8 Ways to Raise Your Children for Competency Instead of Comfort

by Lindsey Sheckles, LPC
in Family
on 15 July 2016

Growing up one of my father’s favorite sayings was “Pain/disappointment/discomfort builds character and/or humility”. A little background. My father grew up in extreme poverty, served, active duty, in the military for 24 years, and has had a series of health issue resulting from his service in the military, so the man knows a thing or two about discomfort. Uncomfortable situations, failure, and disappointment are all facts of life we will experience. However, what separates the men from the boys and the women from the girls is how we deal and adjust to things going wrong.

 Some parents often attempt to shield their children from any pain or discomfort. Although attempts to block discomfort are well intended, this behavior does not help children grow into to competent, well-adjusted adults. No adversity is just as harmful as too much adversity. Children who do not learn to deal with and adjust to failure, disappointment, and discomfort often have difficulty with problem solving and lack resiliency. Sadly, children who been blacked from all things uncomfortable, are often under the misguided assumption the universe will bend to their will, but when it doesn’t, they are crushed and unable to remove themselves from the rubble. The following are ways to make sure this does not happen to your kiddo.

1.Encourage your child to complete age appropriate task as early as possible

Encourage you children to take part in the household by completing task that are age appropriate. Ask them to help put away groceries or clear the dinner table when they are young. Children feel confident in their ability to help and successfully complete task. Resist the urge to correct. Instead encourage and praise the behavior.

2.Let your child settle their own disagreements with peers

This one is tough one, but only under extreme circumstance should you step in. Learning to manage conflict and personal relationships early will help your children in their future friendships and relationships.

3.Practice and model positive self-talk

Little ears and eyes are listening and watching everything we do.

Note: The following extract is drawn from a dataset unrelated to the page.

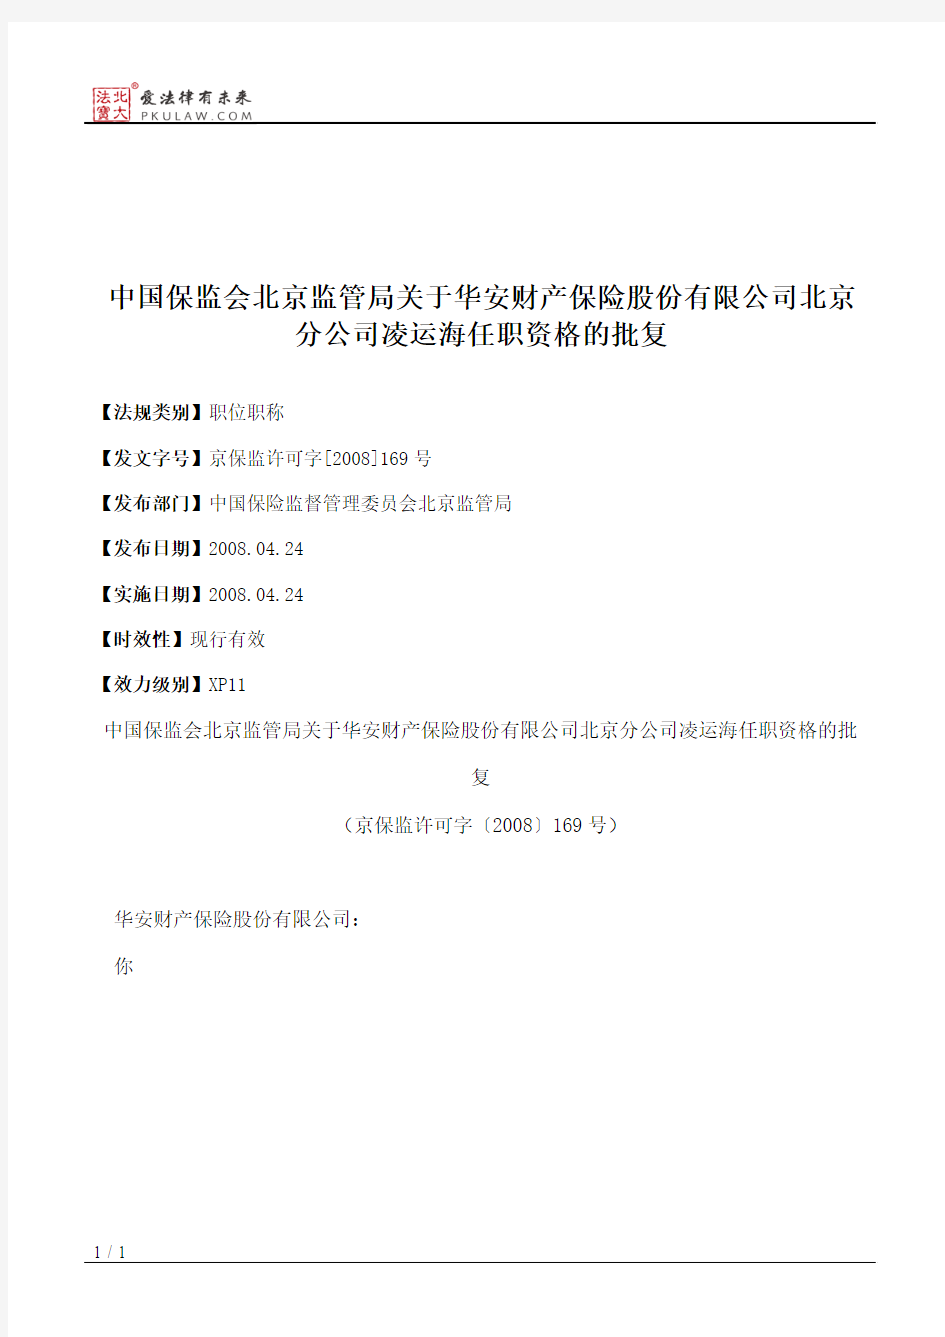 中国保监会北京监管局关于华安财产保险股份有限公司北京分公司凌

What they heard and absorb from the adults around them shape their worldview and view of themselves. It is imperative to model positive self-talk, so children mirror this behavior. 

4.Let effort be the star, not results

When a child achieves a goal give feedback that emphasizes the effort not necessarily the result. For example “You worked very hard for you award!” Although, the award is recognized the statement emphasizes the hard work. 

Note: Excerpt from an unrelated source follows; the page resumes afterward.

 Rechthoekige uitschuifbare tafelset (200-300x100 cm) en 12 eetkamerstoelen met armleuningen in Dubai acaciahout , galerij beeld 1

5.Encourage problem solving instead of provide solutions for your child

Allow your child to solve problems when appropriate. This insures that your child will be able to solve more complex life problems in the future.

6.Show empathy for child’s feelings of anger, frustration or sadness

Allow children to express their feelings and show empathy, but avoid trying to fix and change the feeling to a more comfortable one. Children should learn to express and manage their emotions, and that cannot happen if a parent is constantly running interference.

7.Encourage exploration

Create a safe environment where your child can explore. I’m not suggesting you allow your child to ride their bike across town, during rush hour. However, I am suggesting children do not need constant adult hovering.  

8.Support in times of disappointment, but resist the urge to fix

Again disappointments are unavoidable. Parents who safeguard their children from every disappointment are doing them a major disservice. Children are incredibly resilient. That said, if your child receives a bad grade or gets cut from a sports team, show empathy, but DO NOT run interference. Fixing in the moment is temporary. Learning to cope with disappointment is a life skill that is best developed sooner than later.